Log In

Reset Password
  • MENU
    Wednesday, June 12, 2024

    NBC has a novel solution to the dearth of female directors: Let them direct

    Female Forward participant Katie Locke O'Brian on the set of "A.P. Bio" episode "Melvin." (Trae Patton/NBC/TNS)

    Director Olivia Newman had it all planned out. In order to keep making personal features — like her 2018 Netflix film “First Match” — she’d make a living as a TV director. But her agent, she says, warned her that his other client, Dee Rees (“Mudbound”), had struggled getting her first episodic credit even after making a movie, “Bessie,” for HBO.
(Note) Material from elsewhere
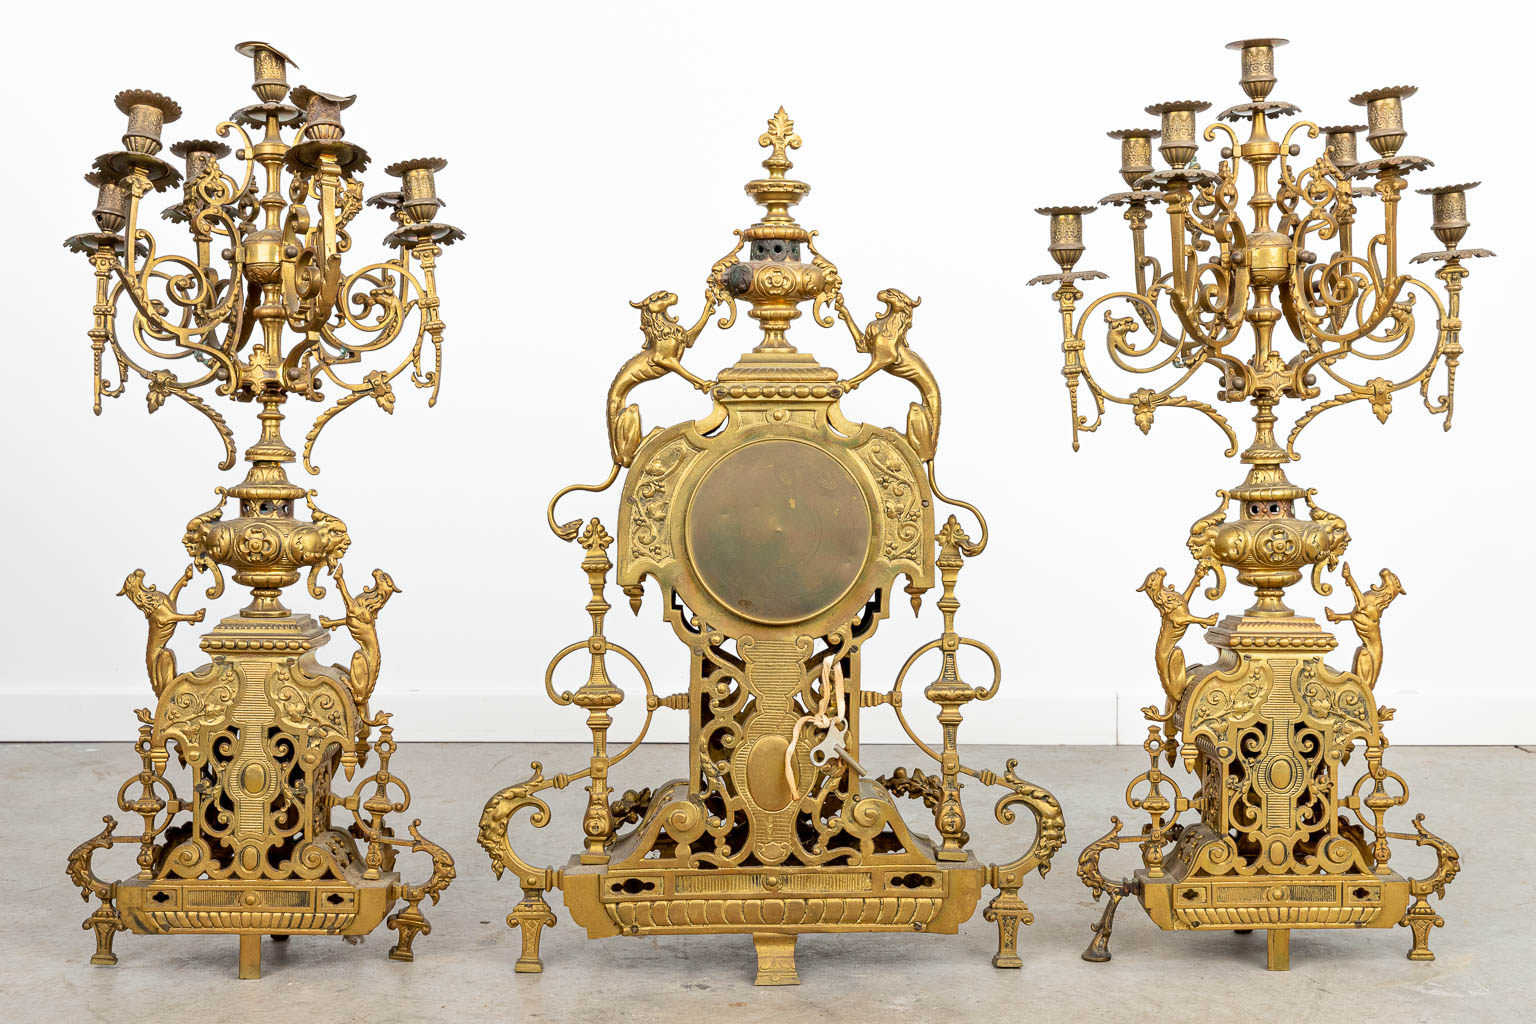 A three-piece mantle clock made of a bronze clock with candelabra. (H:70cm)

    Newman wasn’t discouraged. And the timing was right. NBC was launching a new directing program: Female Forward. She applied and was accepted into its inaugural year. Now she’s “suddenly a director in the Dick Wolf universe, which if someone had told me 10 years ago that’s where I’d get my start in television, I’d be like, ‘Ha, that’s funny,’” Newman says.

    It’s the sort of success story that has long been the exception more than the rule for female directors in Hollywood.

    Rising awareness about systemic gender discrimination and bias in recent years hasn’t extinguished the power imbalance — just look at the all-male nominees for best director and best screenplay for this month’s Golden Globes. Even the dense fog of television content, which has contributed to record gains for the number of episodes directed by women, hasn’t solved TV’s gender-parity problem. Women directed 31% of episodes in the 2018-19 television season, according to a recent report from the Directors Guild of America.

    The Female Forward initiative hopes to help close the gap more quickly. Now in its second year, the program was designed to increase the pool of experienced women directors working in episodic television by actually letting them direct.

    “It’s not just about giving someone an opportunity,” says Lisa Katz, co-president of scripted programming for NBC Entertainment. “It’s about making it so they’ll succeed. You have to give people the chance so that they can rise to the occasion.”

    Each finalist has directing experience in other forms — short films, indie features, commercials, music videos, digital content, etc. — and all are looking to break into episodic television. It’s a tough transition, particularly for female directors, who are at a disadvantage in navigating the obstacle course that leads to the coveted “first” episodic television directing credit. The difficulties of that quest help explain why feedback from some alumnae of the program has been so effusive.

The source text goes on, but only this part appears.